Personally, I can think of a million different types of directions that Rilo Kiley could've taken with their most recent album that would've been both satisfying and different. And for the record, since when was Rilo Kiley not obvious or poppy with their musical approach? They've always been one of the more accessible indie bands out there. That's why they're now with Warner Bros. Because people liked them.

Blake's explanation just reeks of bullshit. There is nothing challenging about making an album that's radio-friendly and poppy, especially when you're as talented of a band as Rilo Kiley. The fact of the matter is that their entire career, side-projects (Jenny Lewis and The Elected) included, the band as progressed in a clear-cut and certain direction. Under the Blacklight is not only a step away from that direction, but a complete reversal. Their music which was once earnest, sincere, and unique is now plastic, and utterly empty.

What musician makes music like this except for those who are only into making money? Name one pop act could be compared to the new Rilo Kiley that isn't in it for the money?

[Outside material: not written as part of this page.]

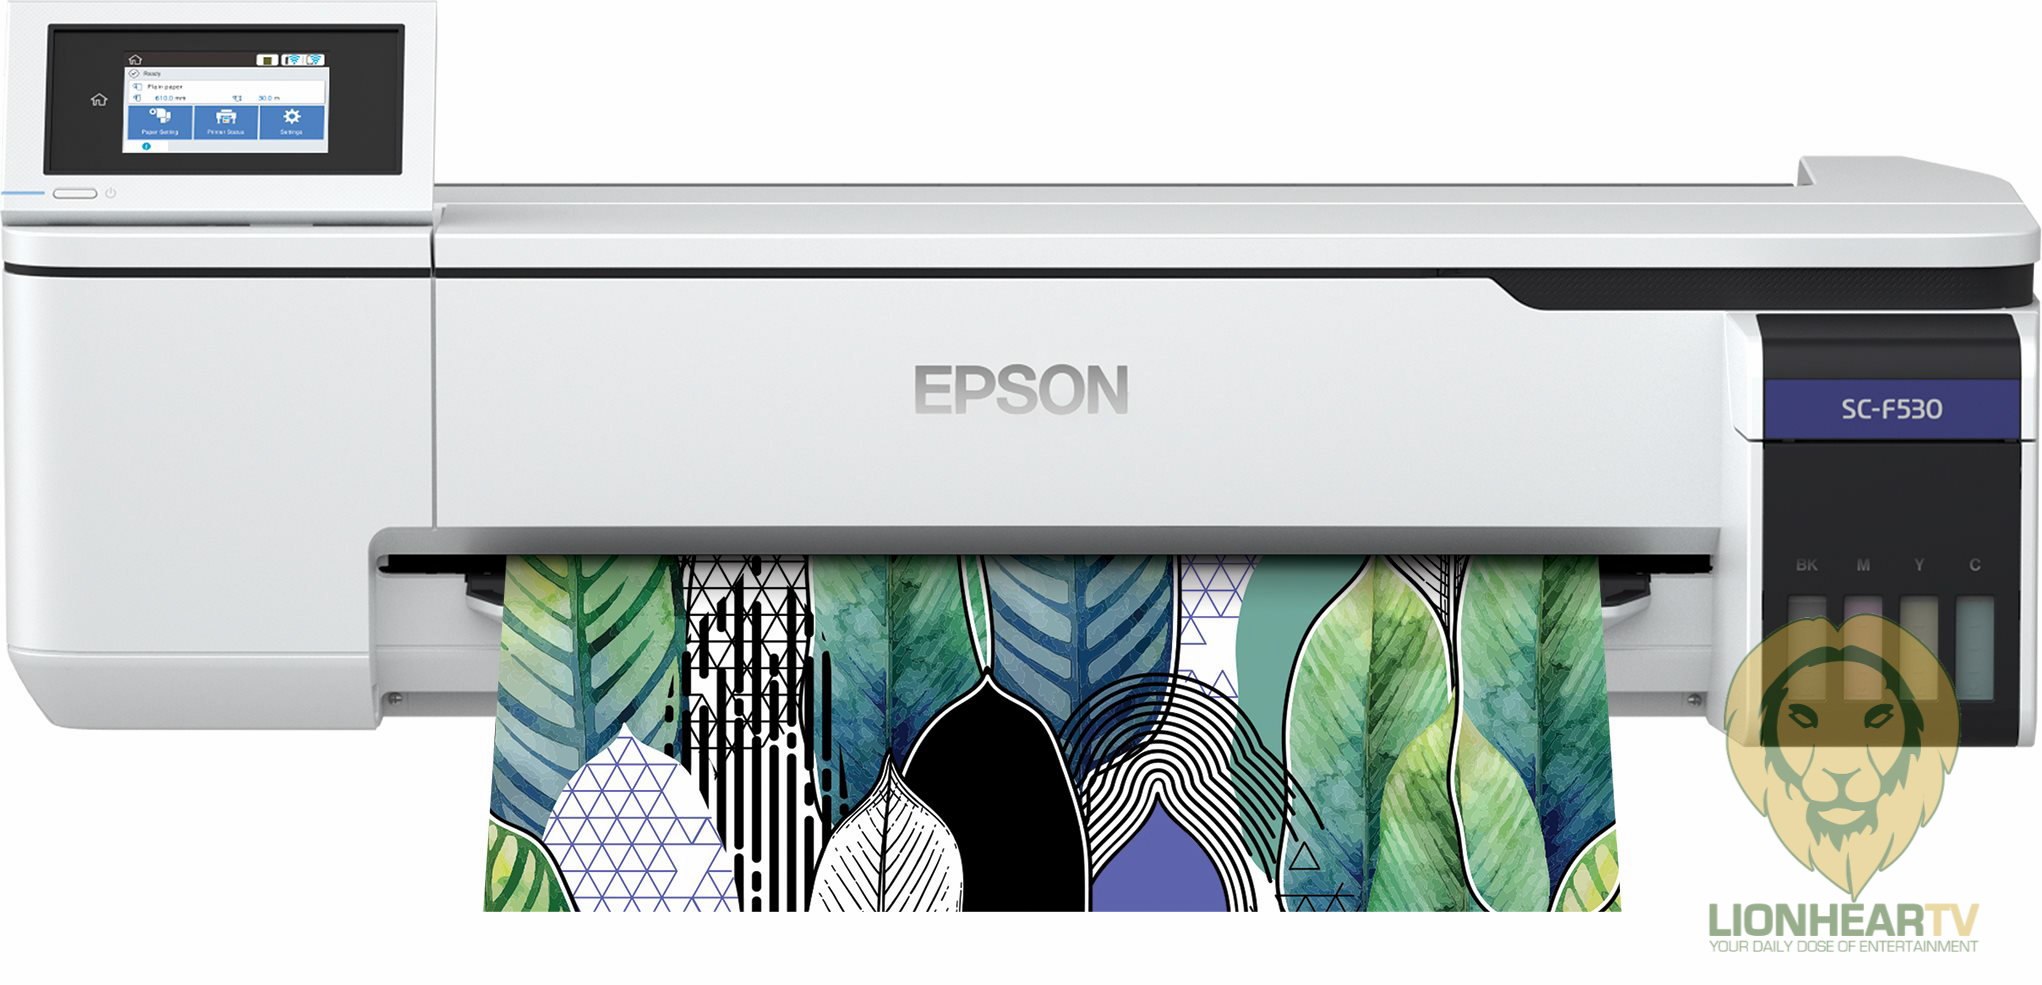 udbytte hjemmelevering Pædagogik 5 reasons why Epson's Easy-to-Use Digital Textile Printers are ideal for  building business start-ups - LionhearTV

Also, let's not forget that Rilo Kiley is made up of not one, but two former child stars. Heck, Blake Sennett was on "Boy Meets World" and "Salute Your Shorts." Of course, after a while, you grow up and people stop paying attention to you. Who's to say that Blake and Jenny aren't just after the same fame and attention that has eluded them since puberty? I know, it's a long shot, but after hearing Under the Blacklight's desperate plea for attention and mainstream success, isn't it at least possible? You better believe it is.

Of course, the big test to see if Rilo Kiley sold out will be when The Elected releases their next album or when Jenny Lewis releases her second solo album. You'll know they sold out when they sound like their predecessors and nothing like Under the Blacklight. Granted, they're entirely different projects, but if Blake and Jenny are so tired of "deconstructing" music, then wouldn't these future albums be representative of that? I would imagine. If this does happen, it'll essentially mean that Rilo Kiley has turned into the moneymaker, while the side projects allow the artists to actually fulfill their musical desires and maintain their credibility.

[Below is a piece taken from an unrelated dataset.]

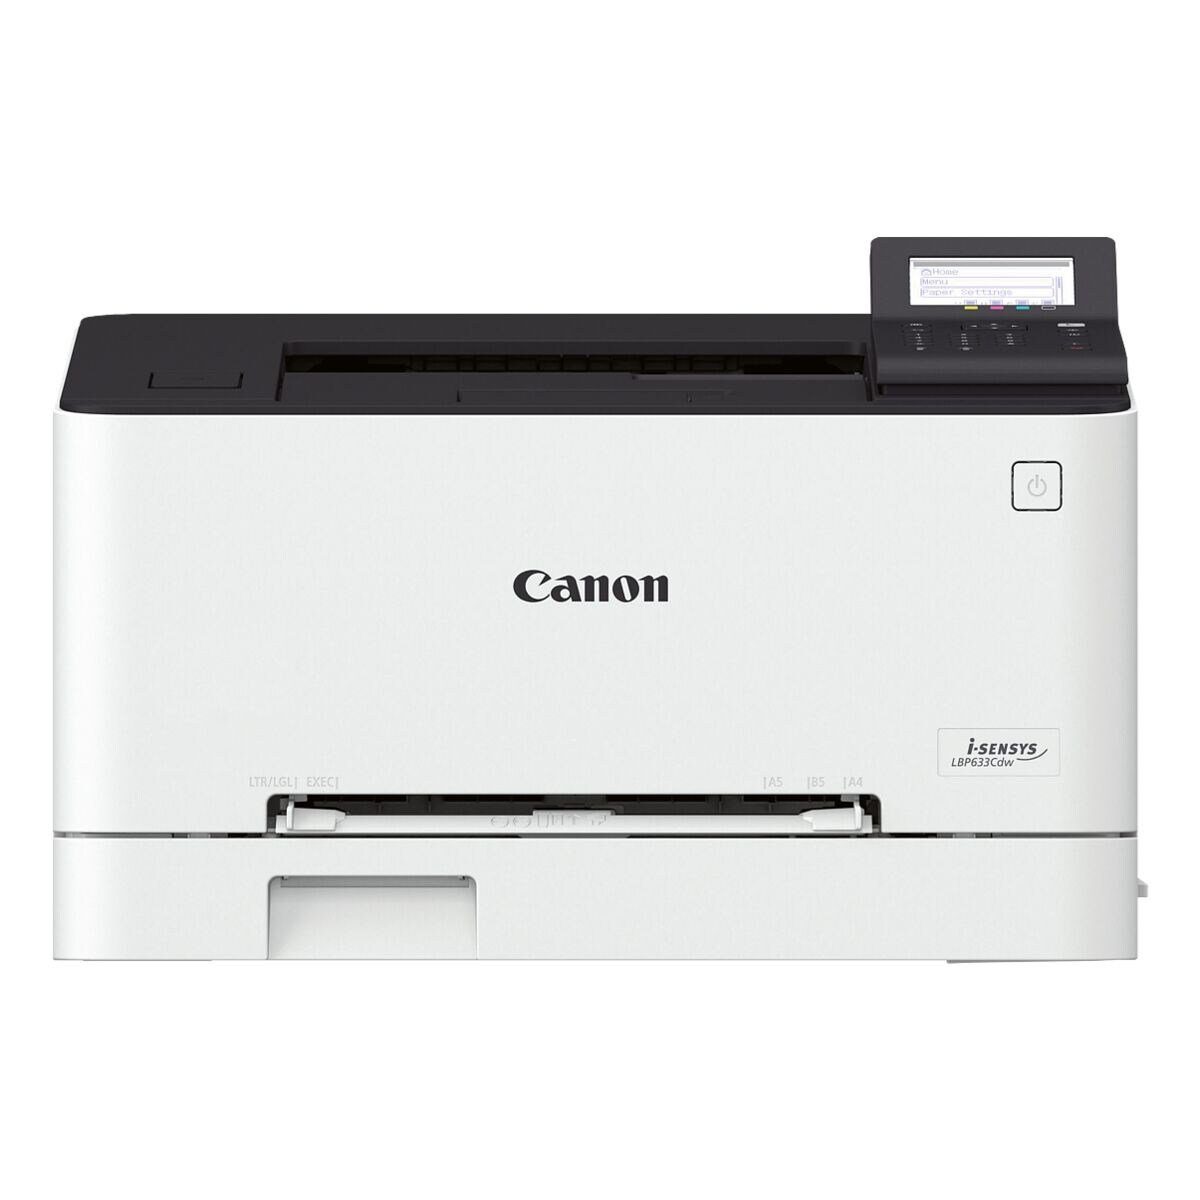 WLAN, (LAN, i-SENSYS 1200 dpi, LBP633Cdw Farblaserdrucker, A4) Canon x 1200

Has my favorite band been reduced to a cash cow? Time will tell.

We can never know for sure if Rilo Kiley made the conscious effort to completely change their style for the sake of money or fame. However, another Blake Sennett definitely helps to clear things up. He says:

I personally, don't participate in music to get hipsters all stoked. That's not my scene. I do it because it's challenging and satisfying, and when that happens to be something that you think is more pop or appealing to a broader audience - ok, fair enough.
There's not a question in my mind as to whether Rilo Kiley has sold out, whether or not they've abandoned their long time fans and their musical integrity for the chance at the spotlight or a big house (in Coldwater Canyon). I don't throw the term around every time a band I like signs to a major label or creates something more accessible. In fact, I can't recall a time that I've used it before.

But Rilo Kiley has sold out.

Do you agree? Let me know by leaving a comment.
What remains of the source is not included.